Value Chain and Value Stream concepts are compared with Value Networks
and determined that former are too rigid and unhelpful in designing and
evolving an enterprise efficient and capable enough to re-engineer or
reorient itself, in a timely manner, towards changing customer needs or
market conditions.
Therefore, Value Networks, better aligned with Service Orientation,
should replace value stream and value chains while planning for future
Enterprise Model(s).
The book provides in-depth comparisons of known Enterprise Business Architecture (EBA) definitions and descriptions. Business functionality, Business Informational models and related aspects considered critical components of EBA. It is stressed that same factors drive organizations towards service orientation more effectively.
The book also thoroughly examines Business Architecture Discipline and its Eco-system. It includes analyzing ‘aspects’ of Business Architecture from outside-in and inside-out views perspectives as well as the many roles Business domains play within Business Architecture itself. This valuable work helps establish boundaries and scope for Business Architect’s role and Business Architecture itself while identifying their relationships with Business Service Orientation concepts.

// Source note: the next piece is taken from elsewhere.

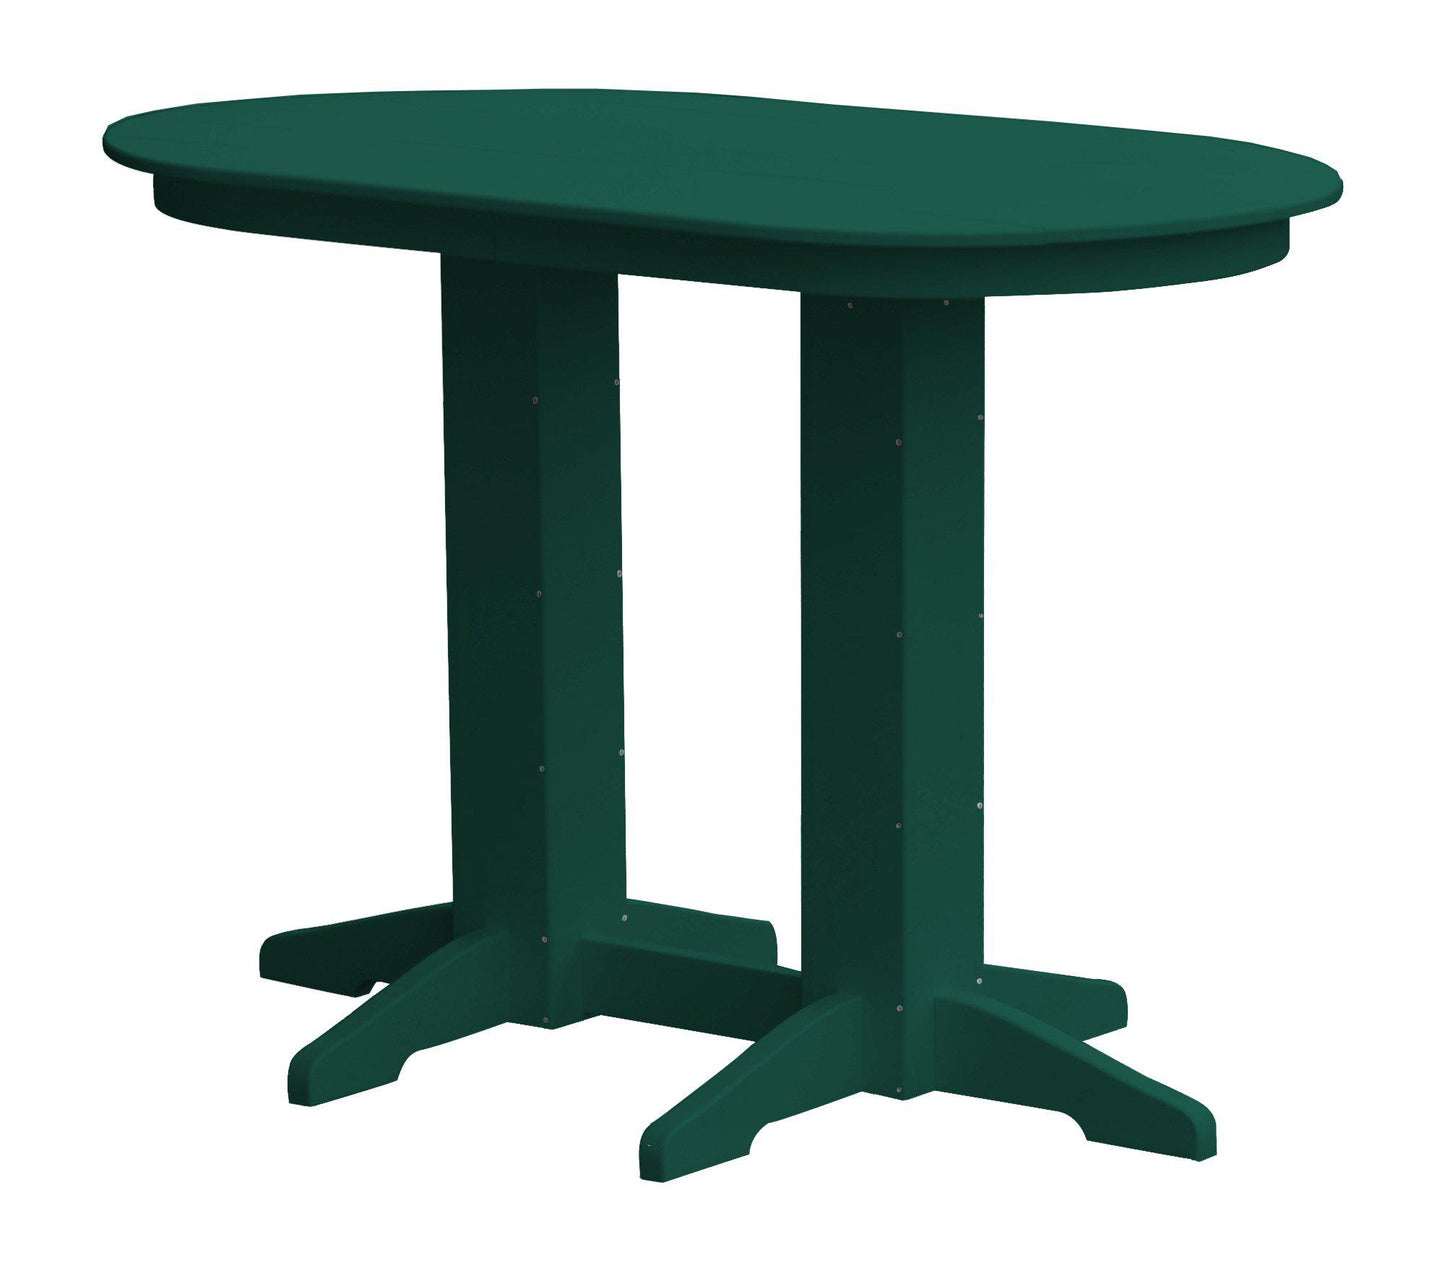 A&L Furniture Recycled Plastic 5' Oval Bar Table - Turf Green

The main focus of book is integration of Service Orientation concepts with Business Architecture leading towards what I’d call Service Orientation of Business Architecture. The book introduces and describes different service oriented methodologies, related patterns and analyzes their impacts, as well as viability, on business operations, its eco-system as well as corporate culture. The book also provides excellent examples and detailed analysis of Service Orientated Business Architecture’s collaboration with Value Networks along the way.
This book provides great value for different individuals. Experienced Business Managers and Strategists can learn the techniques and examples provided in this book to: a) improve and/or reengineer their existing OR design new service oriented practices, processes and policies, b) evaluate impact of their new service oriented ideas on business operations, customers, reputation, corporate culture and values, and c) employ acquired knowledge to design and manage new service oriented corporate as well as organizational culture.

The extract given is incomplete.